# Where to sell photos.



## Chris. (Aug 20, 2009)

Today i stumbled upon www.imagekind.com. Its a place to exhibit, display and sell your photography prints to online buyers. I am interested in it and i think it may be a great place to sell my prints to online buyers. But i am unsure of this. What is your opinion or experience with this site? Would you recommend it?


----------



## KmH (Aug 20, 2009)

There are several similar web sites. www.art.com has several.


----------



## rddube (Aug 21, 2009)

It is not just a matter of where to sell your photos, there are a number of issues you must take into consideration (copyrights, releases, what sells or doesn't sell, etc.). 
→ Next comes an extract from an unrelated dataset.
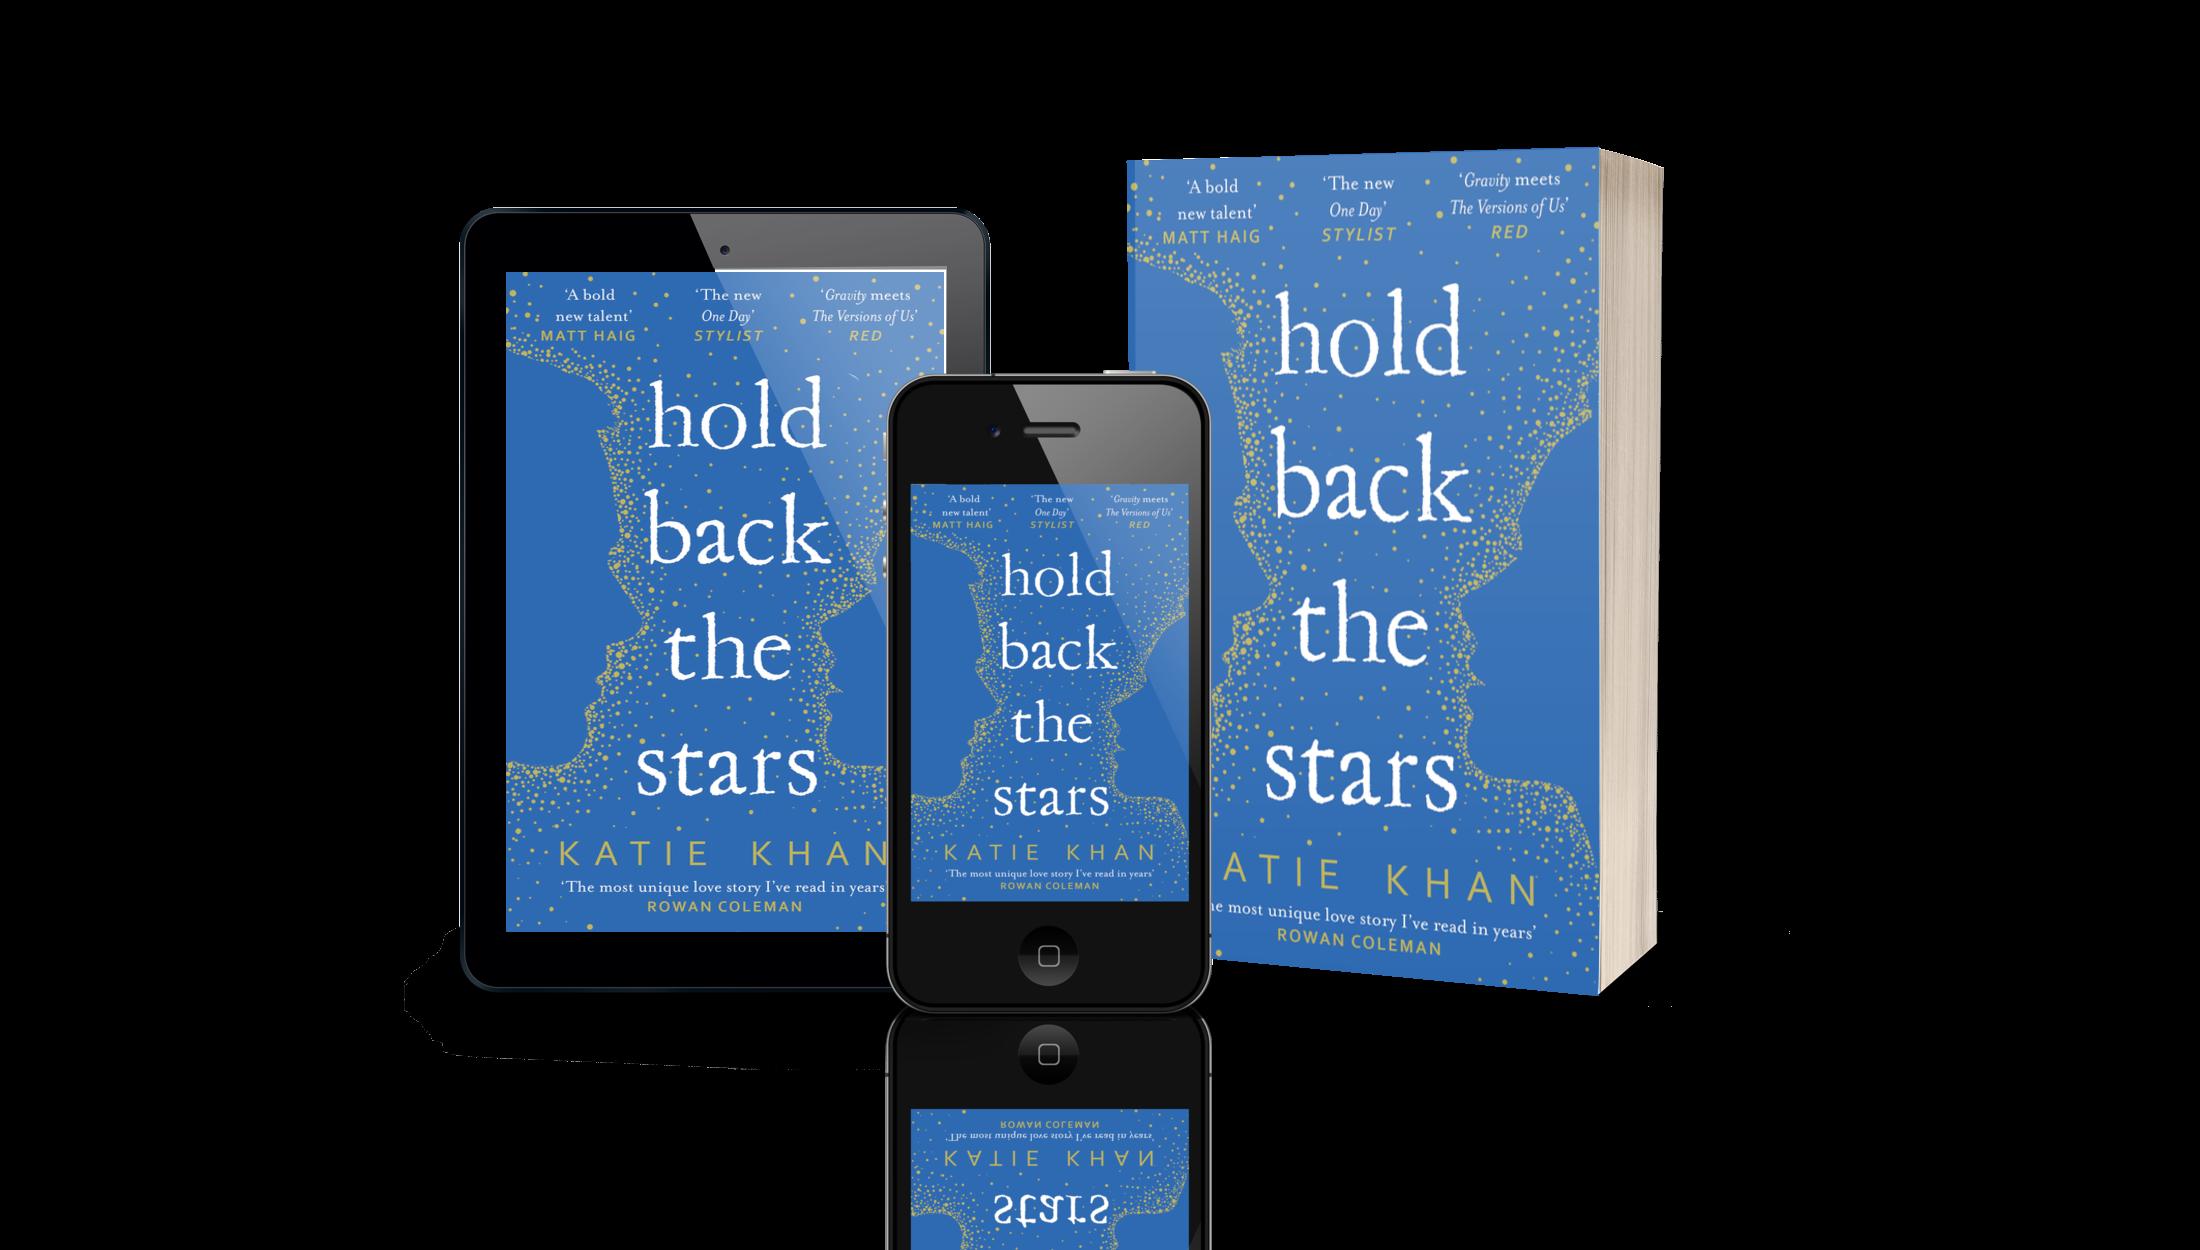 holdbackthestars_novel_katiekhan_ebook_audiobook.png

You might want to take a look at this site:

http://www.solutionbiz.ws/PhotoWealthSystem


----------



## Kempe Photography (Aug 21, 2009)

So what does sell?


----------



## Harris (Aug 21, 2009)

I too am curious about this, has anyone on here had any experience (good or bad) with the site the OP posted?


----------



## meka (Aug 21, 2009)

i don't know about the site you mentioned but maybe try this e-book
i found it on the net and i think it's useful 
not expensive too
hope one day we can all make money from something we like


----------



## KmH (Aug 21, 2009)

Harris said:


> I too am curious about this, has anyone on here had any experience (good or bad) with the site the OP posted?


You went to the web site and learned how it works and what it pays, right?


----------



## musicaleCA (Aug 21, 2009)

I'm using ImageKind myself. They're cheap, and they recently added a "StoreFront" thingy. Basically a way to un-uglify the drab and heavily branded default place to sell shtuff (and it's free too!). Anyway, you get plenty of control on mark-up, make a decent commission on framing, and their print quality is good (so is their customer service). All-in-all pretty solid. I've gotta go play with that storefront dealy soon...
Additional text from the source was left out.